# Experiments in Optdigits Classification

Optdigits is a well-known dataset consisting of a collection of hand-written digits available at the UCI Machine Learning Repository. In this blog I report classification results obtained using various machine learning classification techniques.

### Introducing the dataset

In the raw Optdigits data, digits are represented as 32x32 matrices where each pixel is binarised – 1 or 0. They are also available in a pre-processed form in which digits have been divided into non-overlapping blocks of 4x4 pixels and the number of active pixels in each block have been counted. This process gives 8x8 matrices, where each element is an integer in the range 0..16. Here we use these pixel totals contained in the 8x8 matrices for our experimentation. Thus the dataset contains one image per row, with 64 columns representing the pixel totals of each of the 8x8 blocks, and the 65th row containg the target label of that image (i.e., the actual value of the handwritten number).

First we load the training and the test datasets in R:

traindata <- read.table("optdigits.tra",sep=",")

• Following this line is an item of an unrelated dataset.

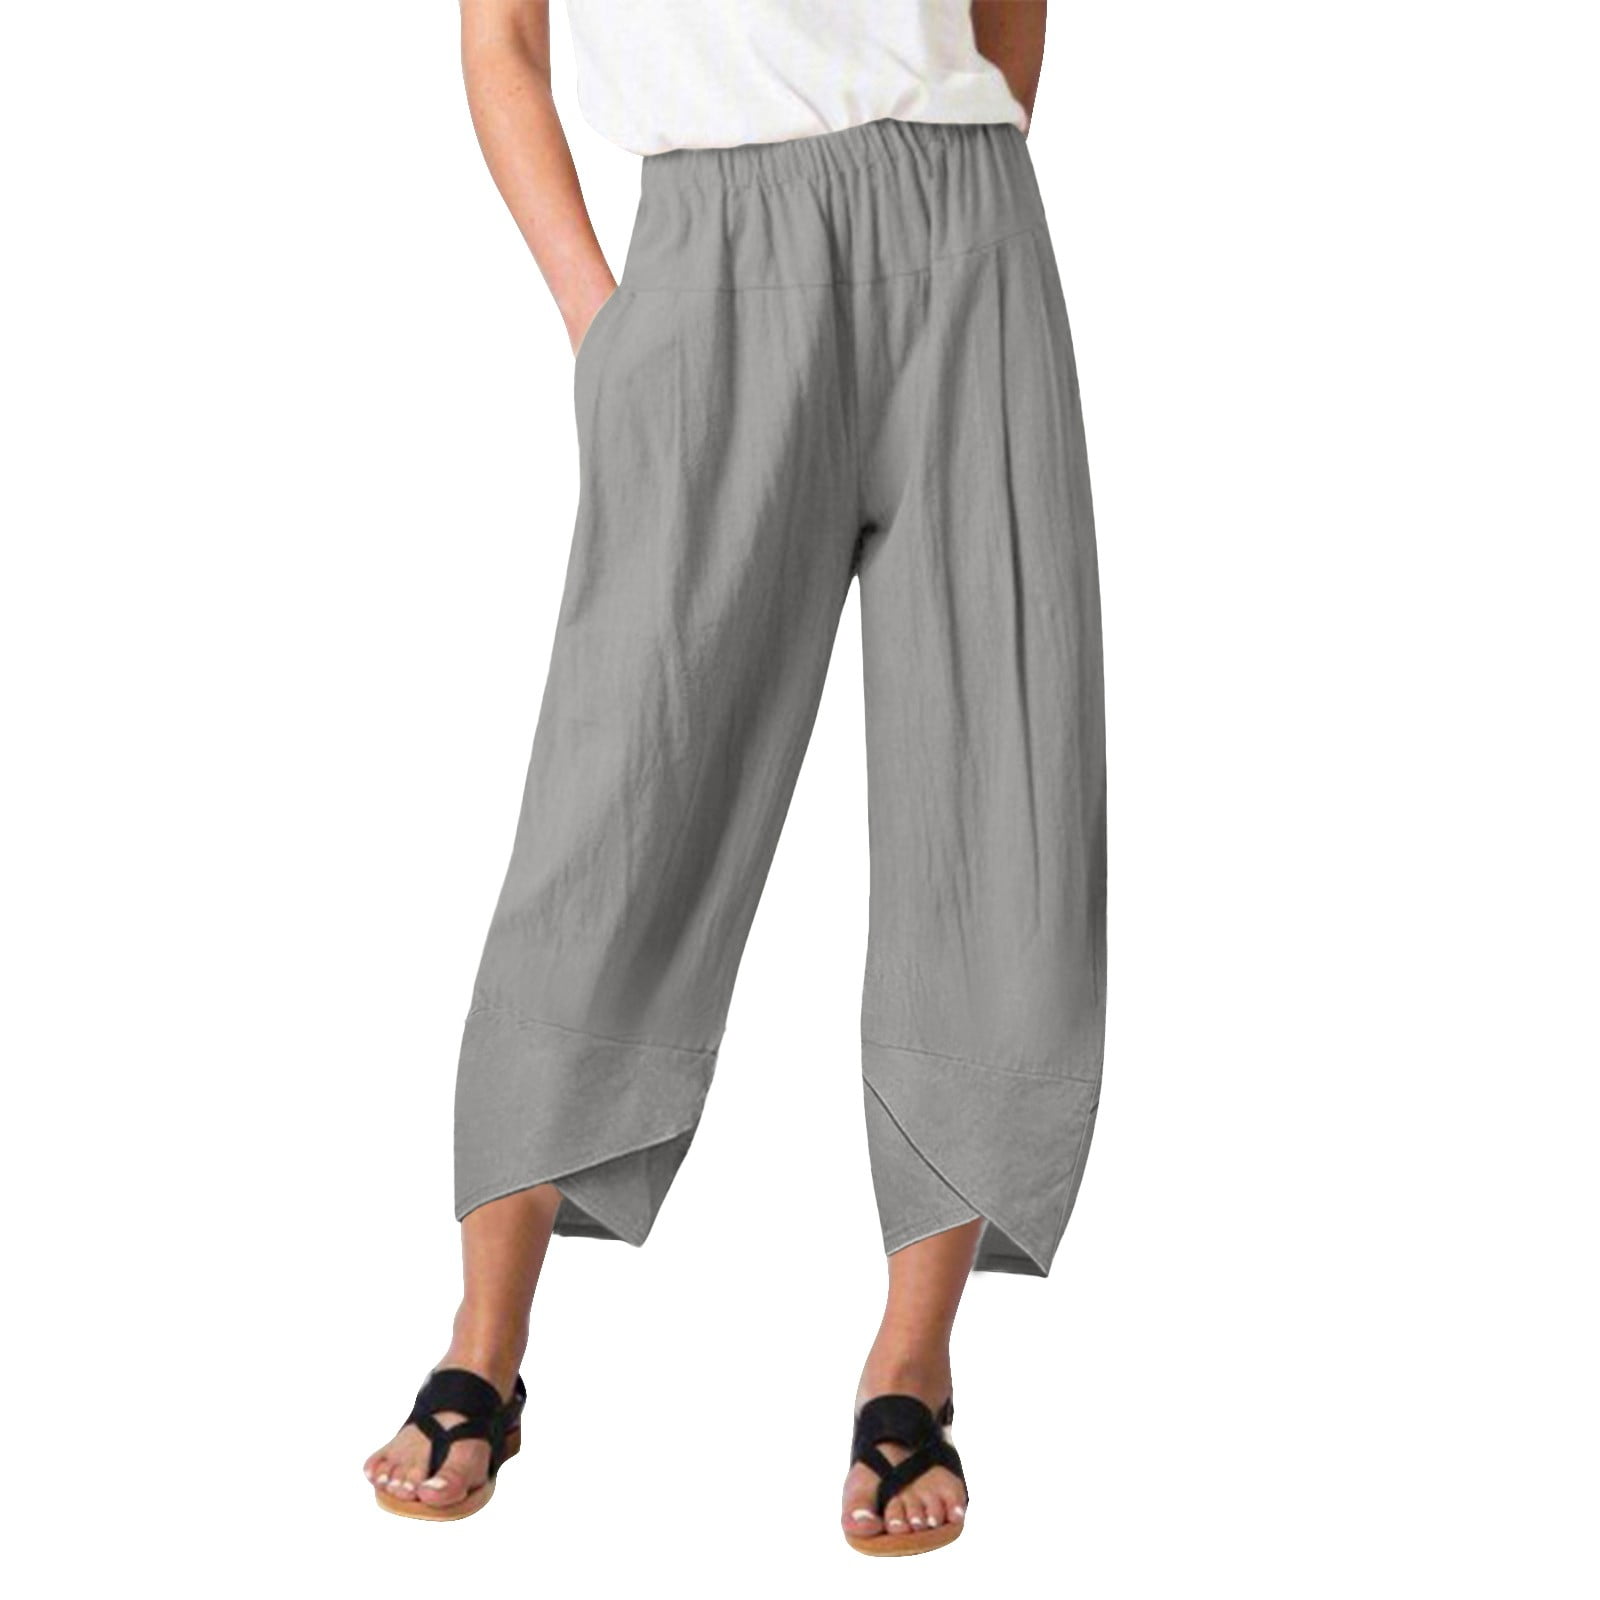 Pants for Women Women's Daily Casual Eight Length Trousers

Each row in traindata and testdata is an image. Viewing an image can be done as follows; here we are viewing the 31st training image, which happens to be an image of the digit 7:

row.id <- 31
m <- matrix(as.numeric(traindata[row.id, 1:64]), nrow=8, ncol=8)
image(m[,8:1], col=grey(seq(0, 1, length=16)))

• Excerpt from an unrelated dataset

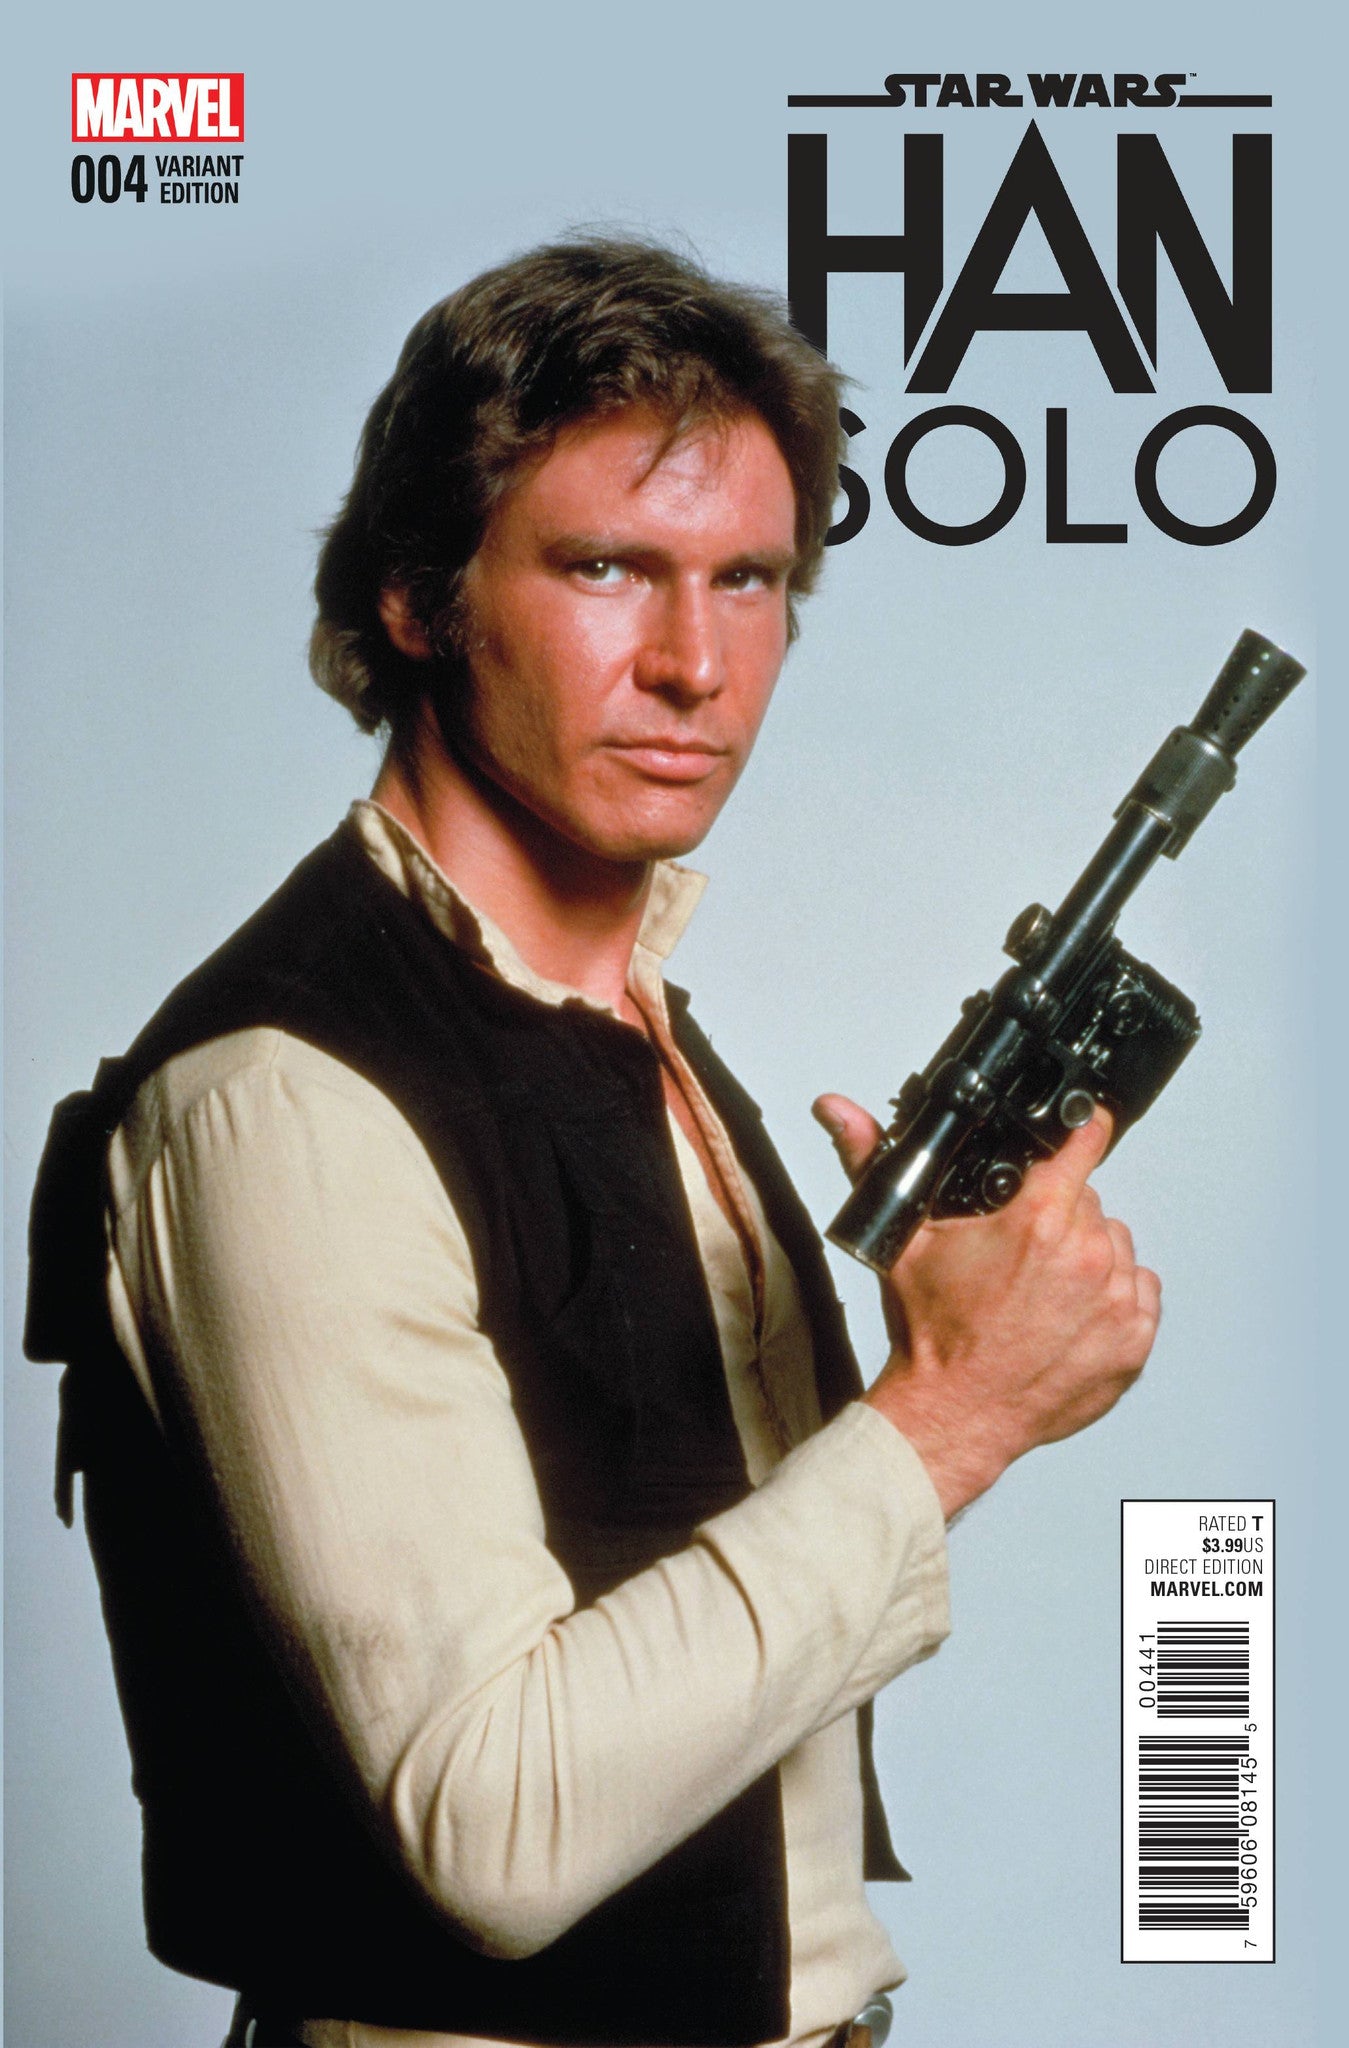 STAR WARS HAN SOLO #4 (OF 5) MOVIE VAR COVER

In order to visually see how much variation there is per digit, we could find all same digits in the training set, say all digits 7. Then we compute the average image for digit 7 and display this:

# select all training images for digit 7
train.7 <- traindata[traindata[,65]==7, 1:64]

# compute the average image from all the training images of digit 7
average.7 <- matrix(as.numeric(colMeans(train.7)), nrow=8, ncol=8)

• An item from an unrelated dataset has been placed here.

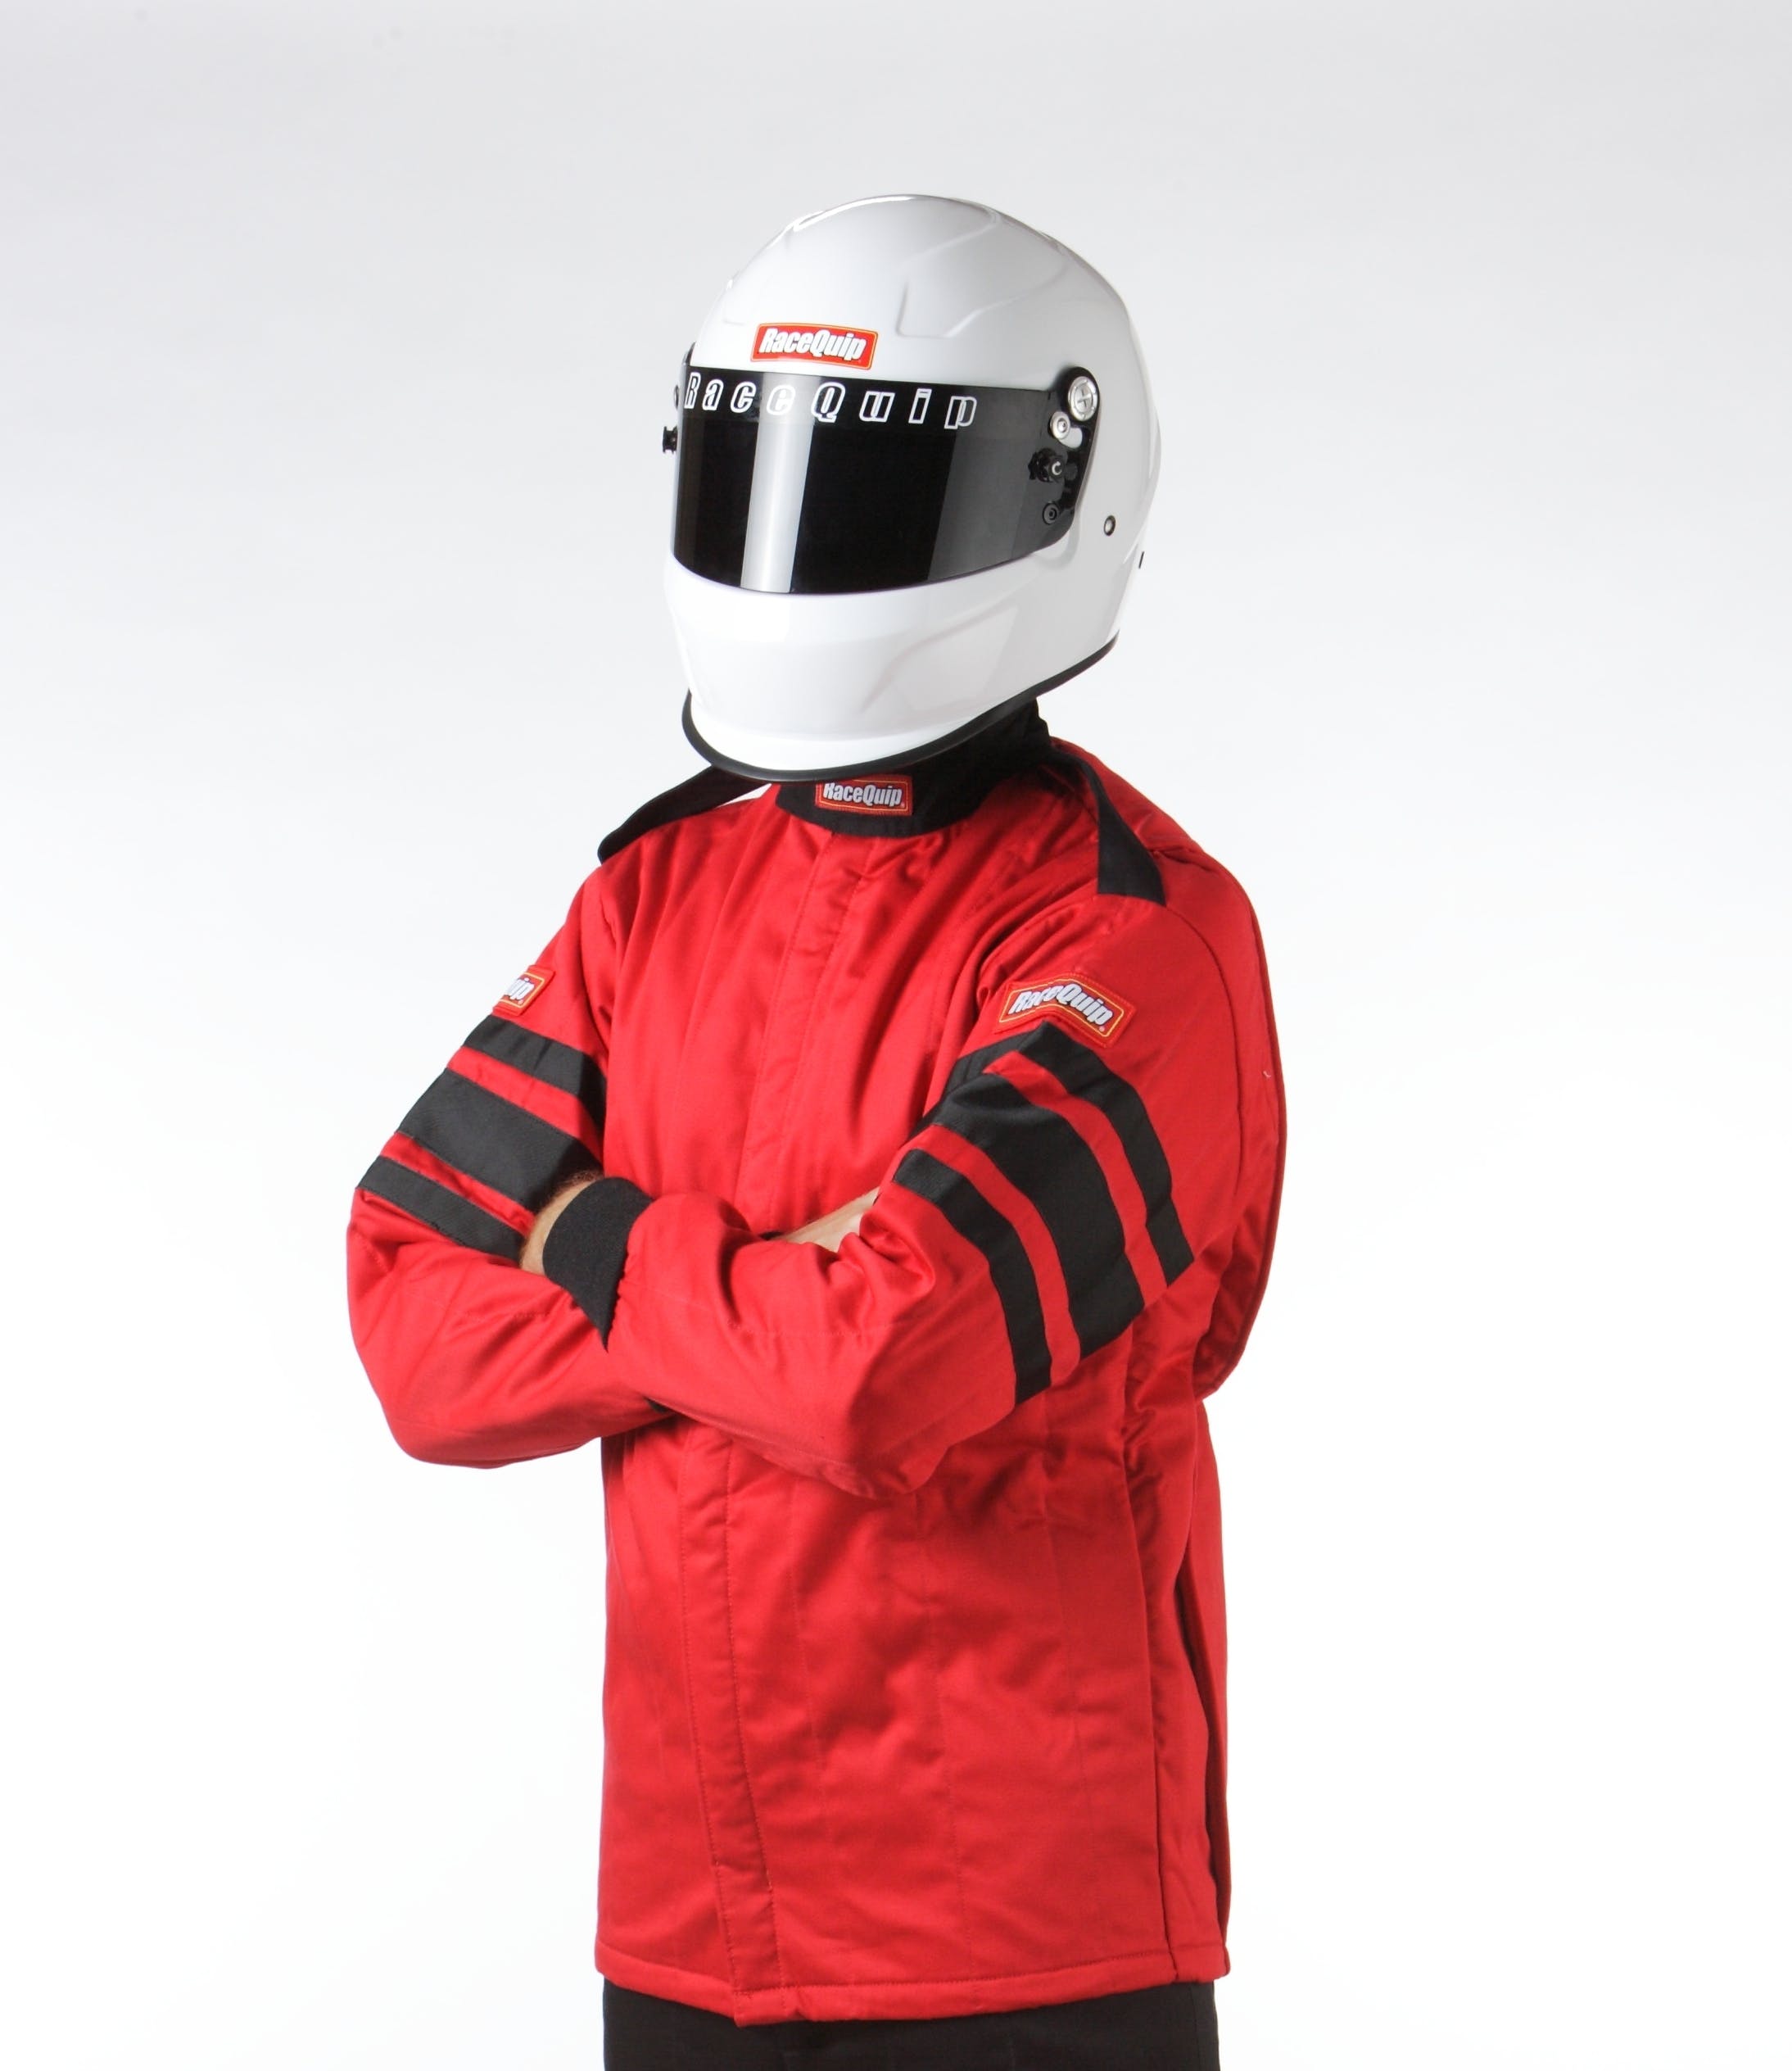 RaceQuip 121017 SFI-5 Pyrovatex Multi-Layer Racing Fire Jacket (Red, XX-Large)

image(average.7[,8:1], col=grey(seq(0, 1, length=16)))


If we want to visually compare and contrast two digits to each other, we can compute their average image, and subtract the two average images to find the differences. Here we illustrate this for digits 7 and 9:

train.9 <- traindata[traindata[,65]==9, 1:64]
average.9 <- matrix(as.numeric(colMeans(train.9)), nrow=8, ncol=8)

# show the difference image of digits 7 compared to 9
image(abs(average.7 - average.9)[,8:1])


As one can see from the above difference image, the most distinguishable differences between digits 7 and 9 lie within the lower triangular part of the image.

### $k$-NN classifier

One of the simplest classifiers is the $k$ Nearest Neighbour (k-NN) classifier. In R, an implementation of the k-NN classifier is available in package class.

Usage of this classifier is very simple:

require('class')

# try with k = 1
pred <- knn(traindata[,1:64], testdata[,1:64], traindata[,65], k=1)

# compute the accuracy of this classifier
mean(pred == testdata[,65])

# generate the confusion matrix
table(pred, testdata[,65])


#### With $k$=1

For evaluating the performance of the classifier ($k$ set to 1), we rely on 2-fold cross validation, using the train-test split created by the dataset’s authors. The average performance of this classifier is of 97.9%.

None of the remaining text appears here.